Il dipendente dell'ipercoop abbandona la sua postazione, dove imbusta merce comprata all'esterno del supermercato nell'attesa di cogliere un genitore sul fatto. Sembra molto compiaciuto, ha il tipico atteggiamento degli ufficiali incorruttibili che mi dispiace cittadino non ce l'ho con lei, lo so che lei prende la multa perché andava a 56 orari e mentre stiamo parlando le macchine passano a 80 (avete presente il ghigno beffardo che mettono sulla faccia a questo punto, quello che vi spinge a guardare la pistola nella fondina e fare brutti pensieri?), ma sto solo facendo il mio dovere, è stato sfortunato, era anche senza cintura, come no, la sua parola contro la mia, faccia ricorso. Il dipendente dell'ipercoop mi dice che non posso tenere il bambino nel carrello. Rispondo mi faccia la contravvenzione (ma chi sei? la uso per accendere la stufa). Da quand'è che sono obbligato a fare tutto quello che mi dice il supermercato? Gli dico lo tolga lei dal carrello (toccalo con un dito e ti risvegli in terapia intensiva). Lui a dire sono le regole, a stupirsi del mio rifiuto a considerare legge il regolamento. Gli dico il regolamento del supermercato non ha forza di legge, per il momento non vivo ancora nella repubblica dell'ipercoop. Gli dico mi butti fuori, chiami i carabinieri, e lui a guardarmi come se non capisse il trucco, come se gli stessi facendo un dispetto, incapace di comprendere la sua totale mancanza di potere come soldatino dell'ipercoop.

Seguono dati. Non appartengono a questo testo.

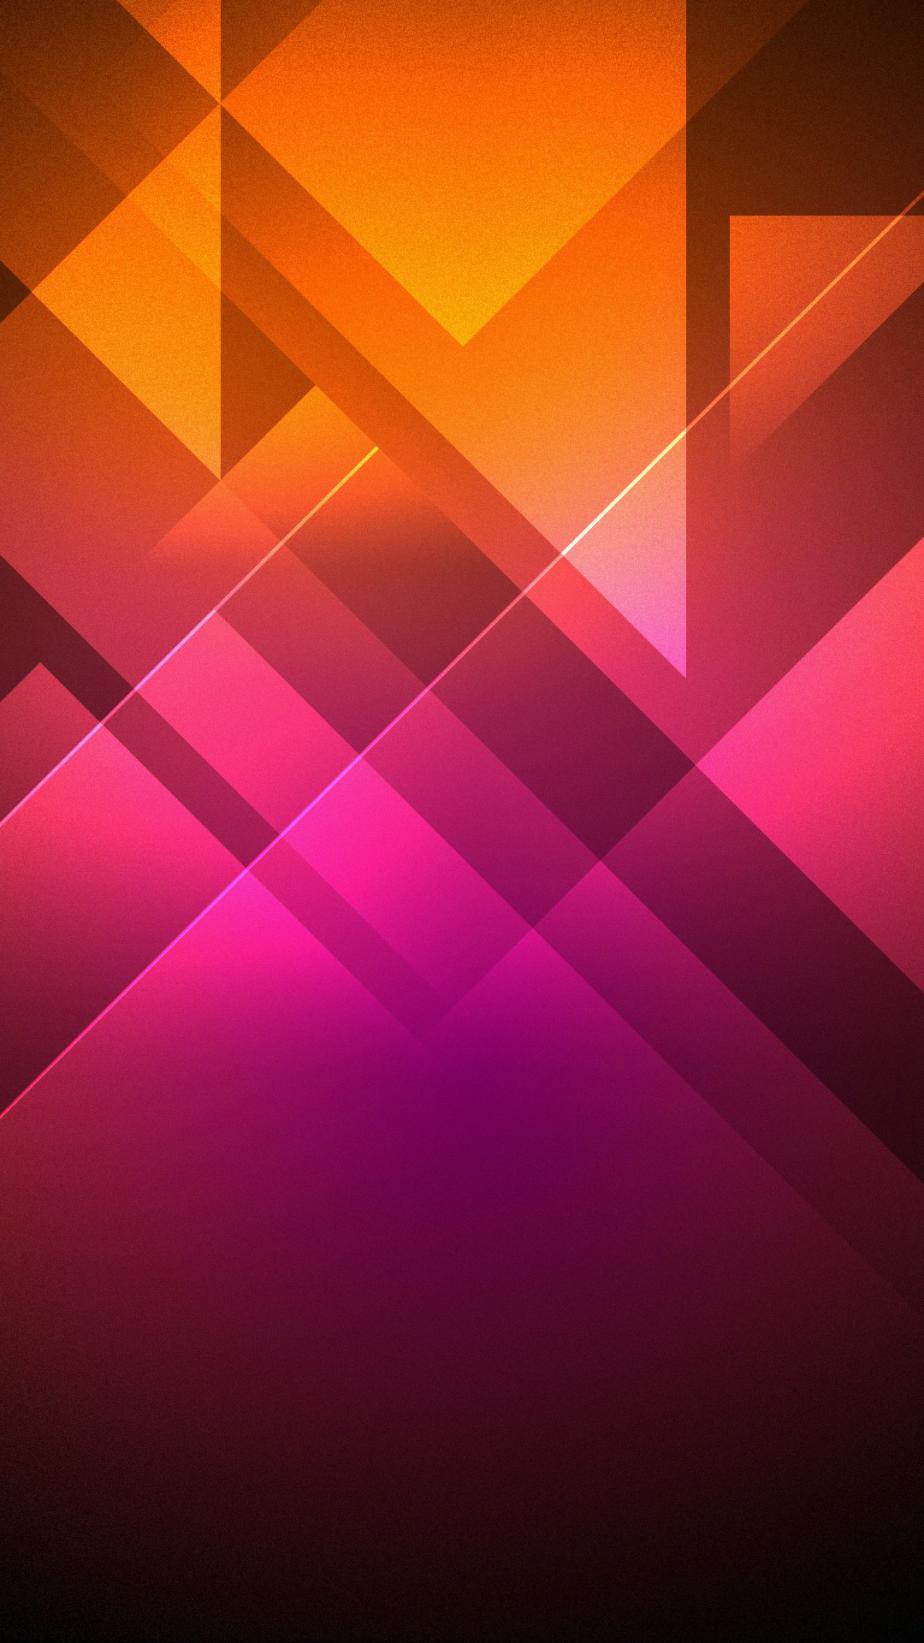 Htc wallpapers

Cari visir della distribuzione, generali del commercio al dettaglio, magnati delle promozioni, califfi della tessera socio e del premio fedeltà, potete mettere un cartello dove dite che non siete responsabili, come quello nei parcheggi per oggetti di valore lasciati in macchina, ma non potete legiferare né sostituirvi alle forze dell'ordine. Il supermercato è disciplinato come esercizio aperto al pubblico. O qualcosa è illegale, e allora fate il 113, oppure è legale, in tal caso la rischiate voi una denuncia se cercate di obbligare la gente a fare quello che ordinate voi solo perché lo decidete voi. Comunque alla fine avete vinto voi, non lo metto più nel carrello, per evitare l'ennesimo stress. È così che funziona: pur di evitare noie uno finisce per adeguarsi, cedere, arrendersi, spostarsi. Succede nel traffico, succede in piazza, succede negli uffici e nelle fabbriche, succede in vacanza, o diventi un piantagrane che si arrabbia e finisce dalla parte del torto, oppure pieghi la testa e mandi giù il rospo, oppure diventi anche tu un furbetto che cerca di stare a galla mandando sott'acqua gli altri. Tiri fuori il bambino dal carrello per superare i controlli e voltato l'angolo ce lo rimetti. La particolarità di quando c'hai un figlio è che non riesci mai a capire del tutto se gli stai dando l'esempio giusto, se da grande dirà che non avevi sufficiente autostima neanche per farti rispettare dagli impiegati del supermercato o che eri così soddisfatto e sicuro di te stesso al punto da non dare minima importanza alle seccature causate dalla piccineria di chi esercita minuscoli poteri.